- Opening Delimiter -
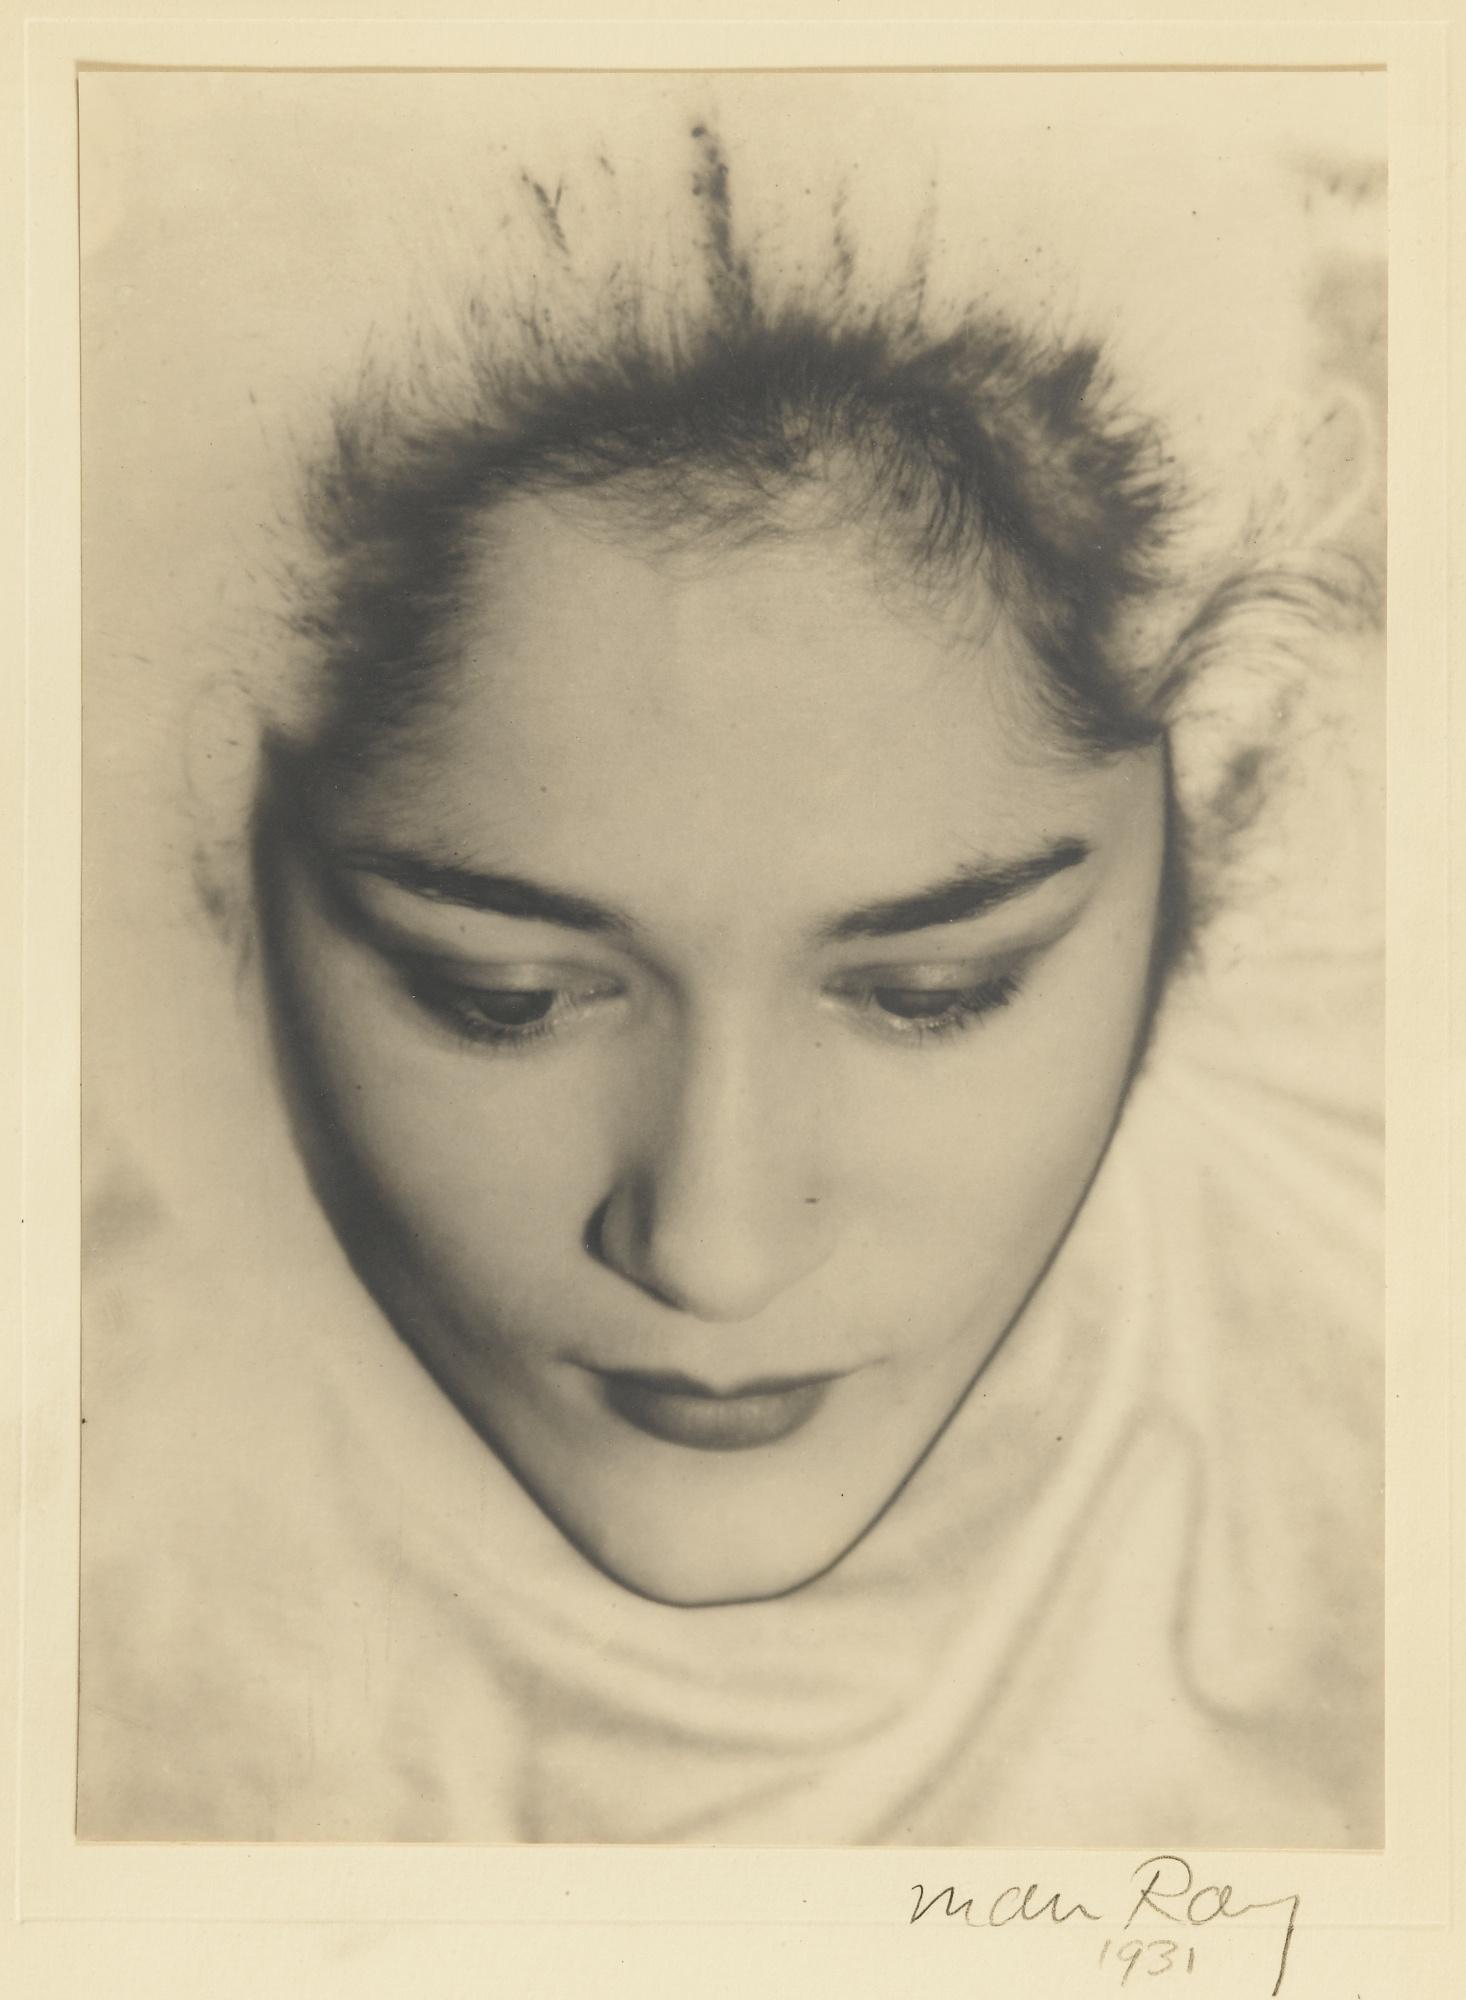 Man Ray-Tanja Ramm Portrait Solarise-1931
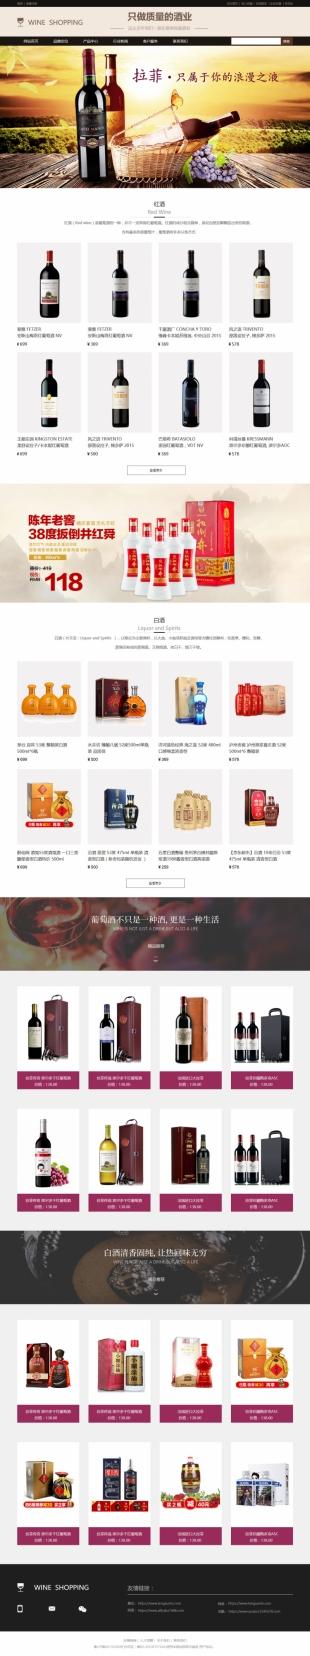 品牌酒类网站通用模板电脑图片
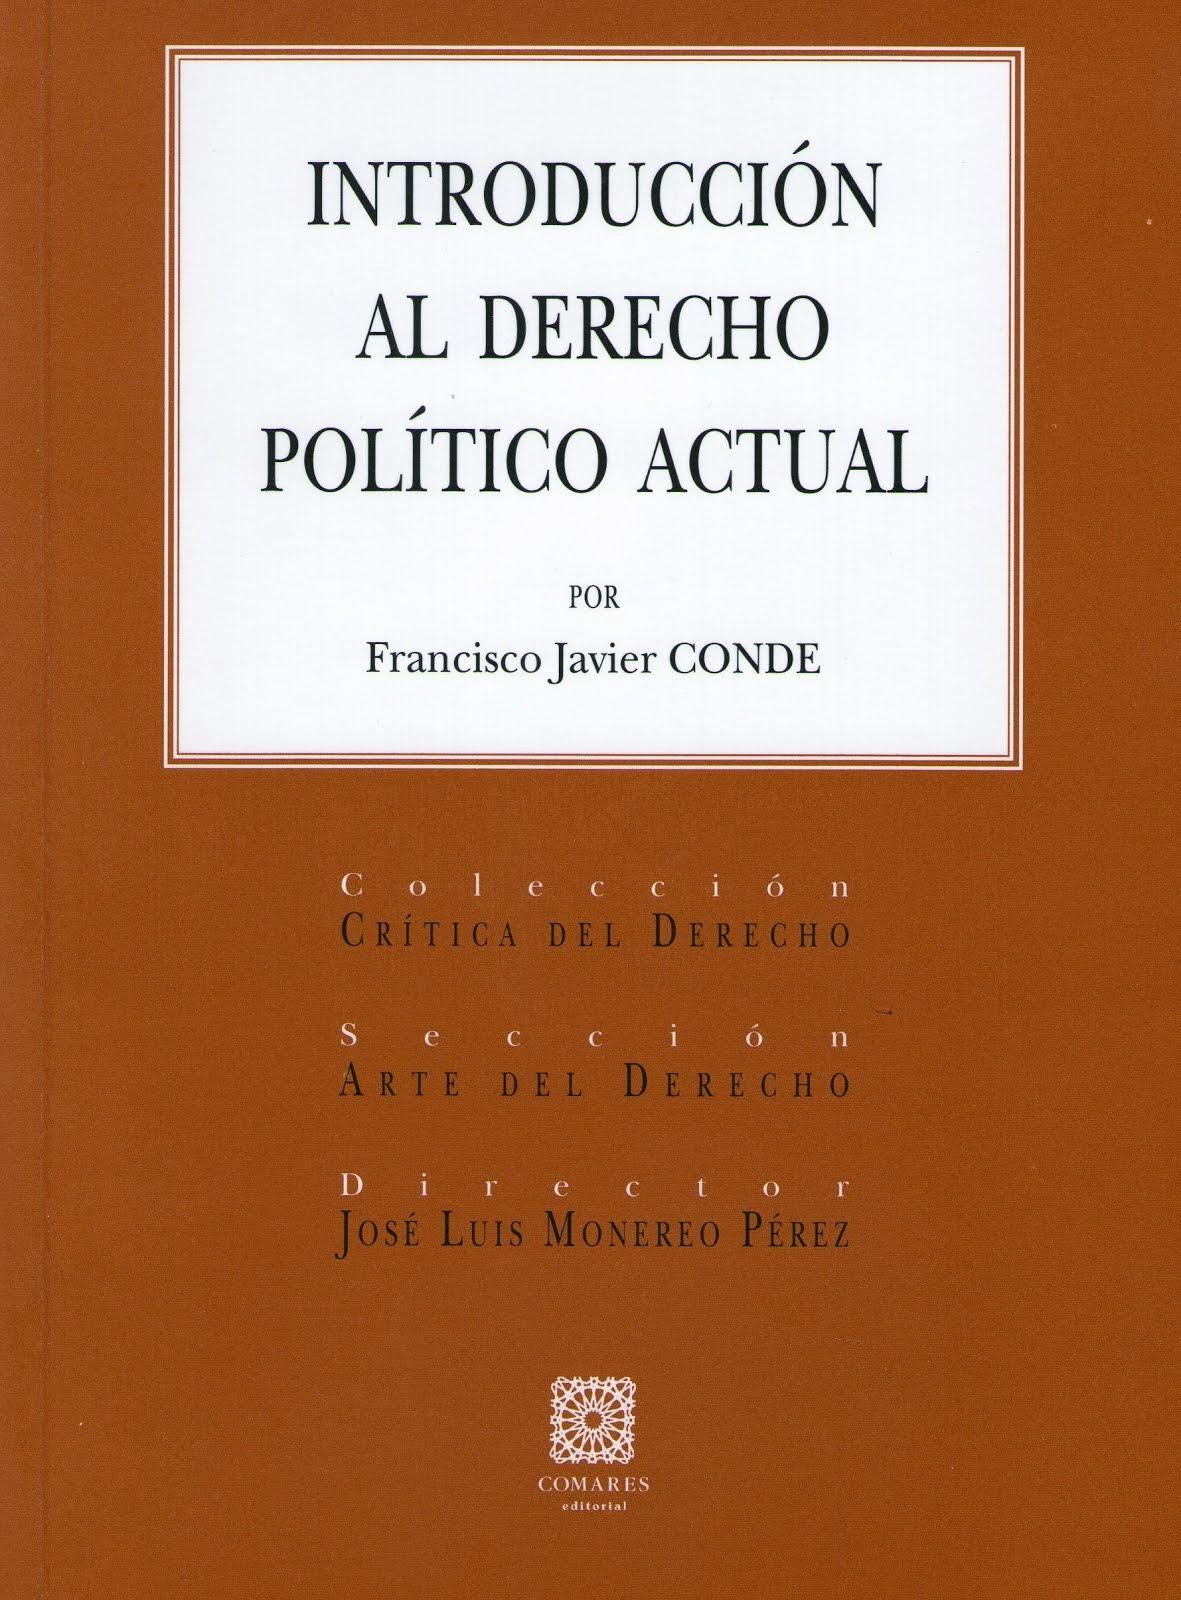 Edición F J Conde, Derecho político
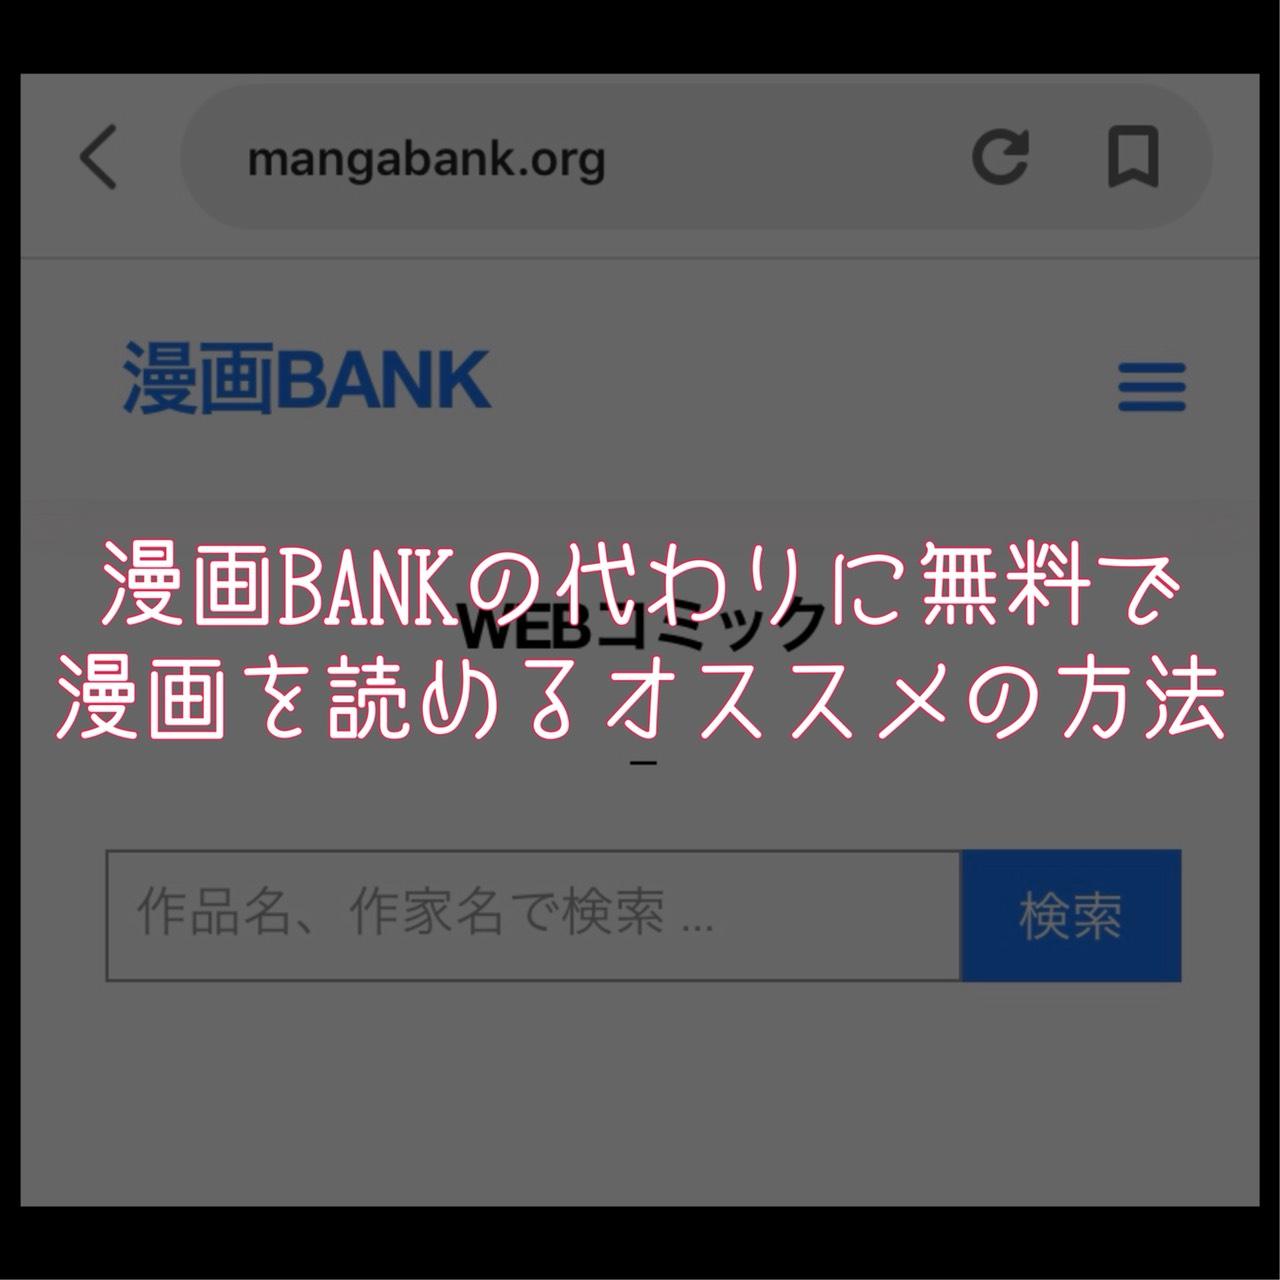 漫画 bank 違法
- Closing Delimiter -
> Exercise prompt:
Leaving aside every picture, transcribe exactly the lines that run from the one with "品牌酒类网站通用模板电脑图片" to the close of the listing above.

> Worked solution:
 品牌酒类网站通用模板电脑图片
 Edición F J Conde, Derecho político
 漫画 bank 違法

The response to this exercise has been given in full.